All the contradictions. The official unemployment figure is 3.4 per cent, according to the Australian Bureau of Statistics (ABS). Workers were told that once unemployment fell their wages would rise – this has not happened, with ABS data revealing that annual wage growth is only 2.6 per cent despite inflation being 6.1 per cent. Women continue to earn $471.30 per week less than men on average due to women-dominant industries being underpaid and heavily casualised. The participation rate has dropped by 0.4 per cent this month as thousands of people are forced out of the workforce. Workers now have the lowest share of GDP in recorded history as the gender pay gap flatlines. The Albanese government talked up bigger pay packets for workers in its election campaign, but there was no mention of the collective power of organised labour in getting wage rises. Whatever issues the Jobs and Skills Summit in Canberra next month throw up – whose participants include unions and employers – the outcome will turn on the issue of wages, and the action needed to increase them.

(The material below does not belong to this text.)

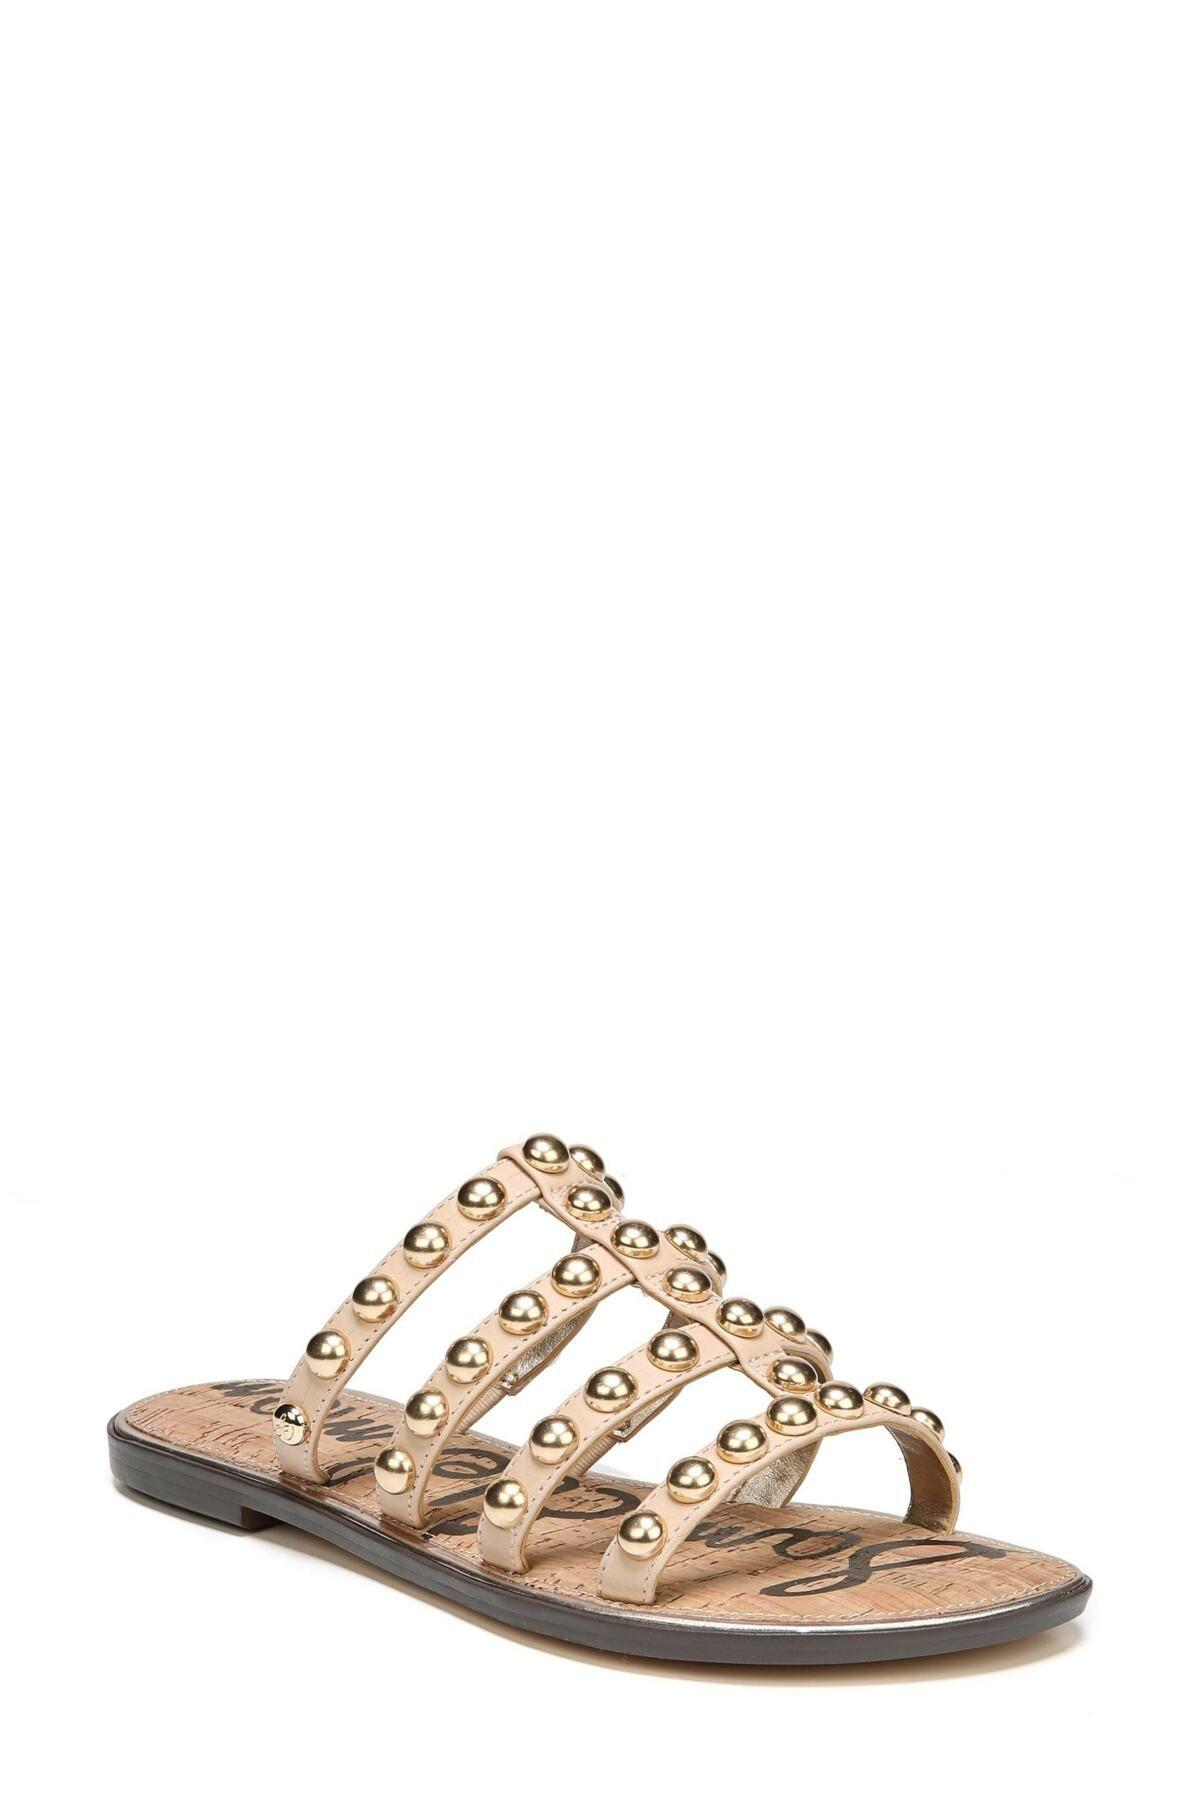 Sam Edelman | Glenn Studded Slide Sandal | Slide sandals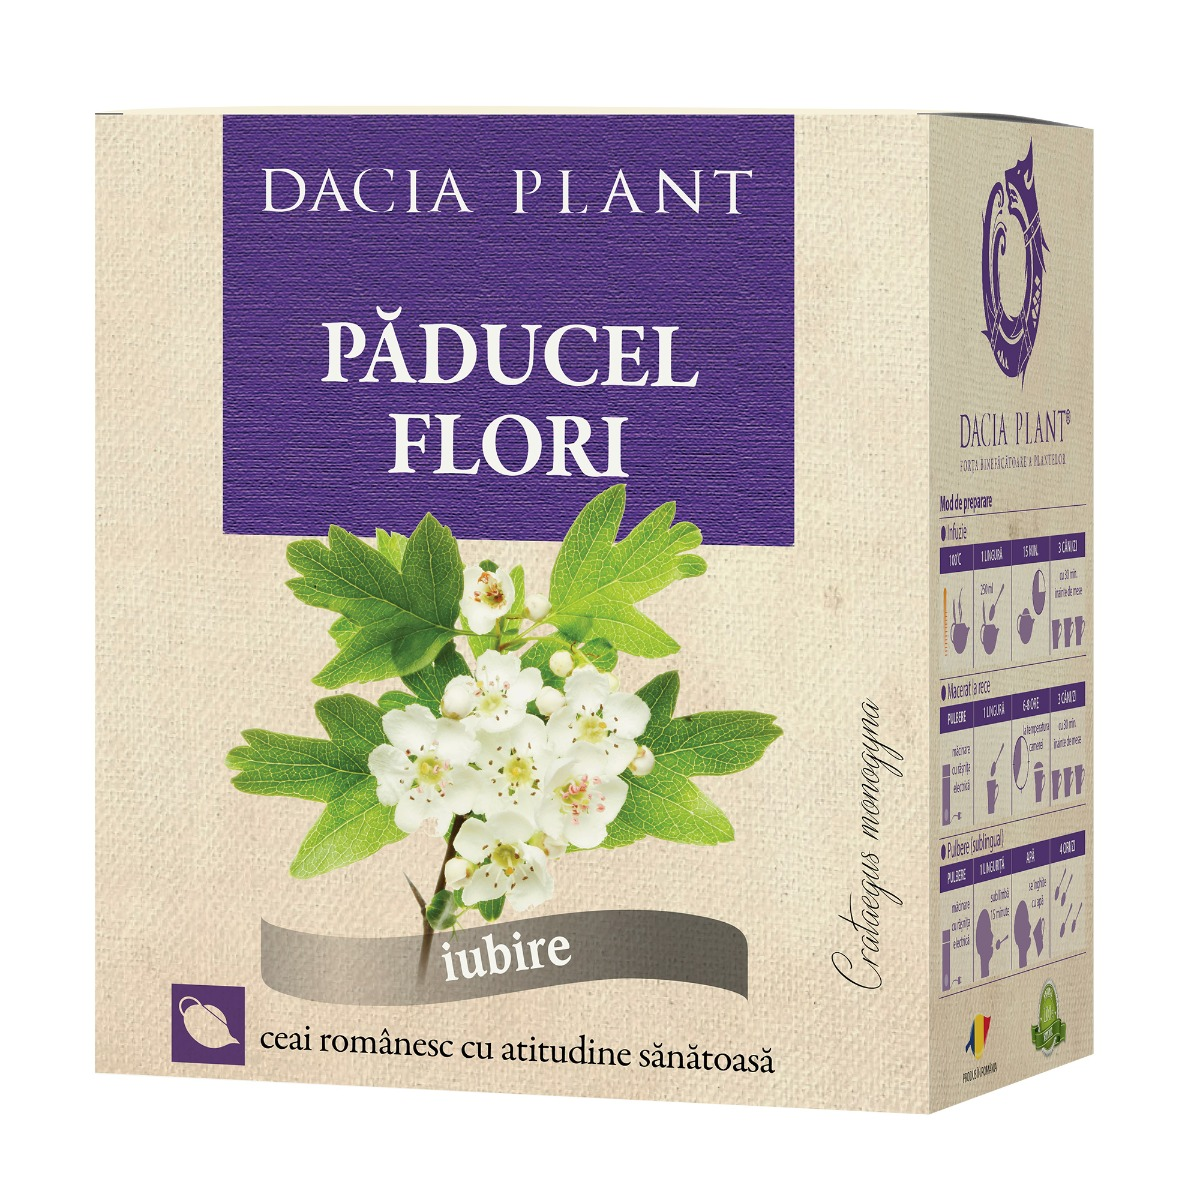 Ceai de paducel flori, 50g, Dacia Plant drmax.ro

What goes around comes around. The last time there was this much noise about the Governor General he had sacked a Labor government in 1975. This time Her Majesty’s representative granted all-encompassing portfolio powers to Scott Morrison as casually as one scoops out an avocado. Soon there followed John Howard, chiding Morrison to try and take the heat off, “I don’t think he should have done it, I don’t think there was any need to do it, and I wouldn’t have done it.” Let us hark back to 2003 and Howard’s lie, with President George W Bush and British PM Tony Blair, about weapons of mass destruction in Iraq, the pretext for the invasion and occupation, death and destruction by the Coalition of the Willing that followed. All this was accompanied by the usual hand-wringing over the delicate flower of the Westminster system with its glorious history of colonialism, genocide, plunder, slavery and endless wars.

PARASITE OF THE WEEK: The ALP has supported the current abusive policies against asylum seekers from the beginning. The end of the Coalition government is very welcome, but the fight for refugee rights is far from over. The Albanese Labor government has committed to granting the 19,000 refugees on Temporary Protection Visas and SHEVs (Safe Haven Enterprise Visa) permanent visas. The Refugee Action Coalition says that after ten years separated from families, this needs to happen immediately, not months down the track. There are still 200 refugees stranded on Nauru and PNG. The Albanese government has washed its hands of those in PNG who are not eligible under the formal NZ resettlement deal but NZ has indicated it is willing to consider them separately. The fight for refugee rights is not over until the thousands of refugees whose lives the Coalition tore apart gain a secure future, and until the boat turnback and offshore detention policies designed to keep out refugees end for good.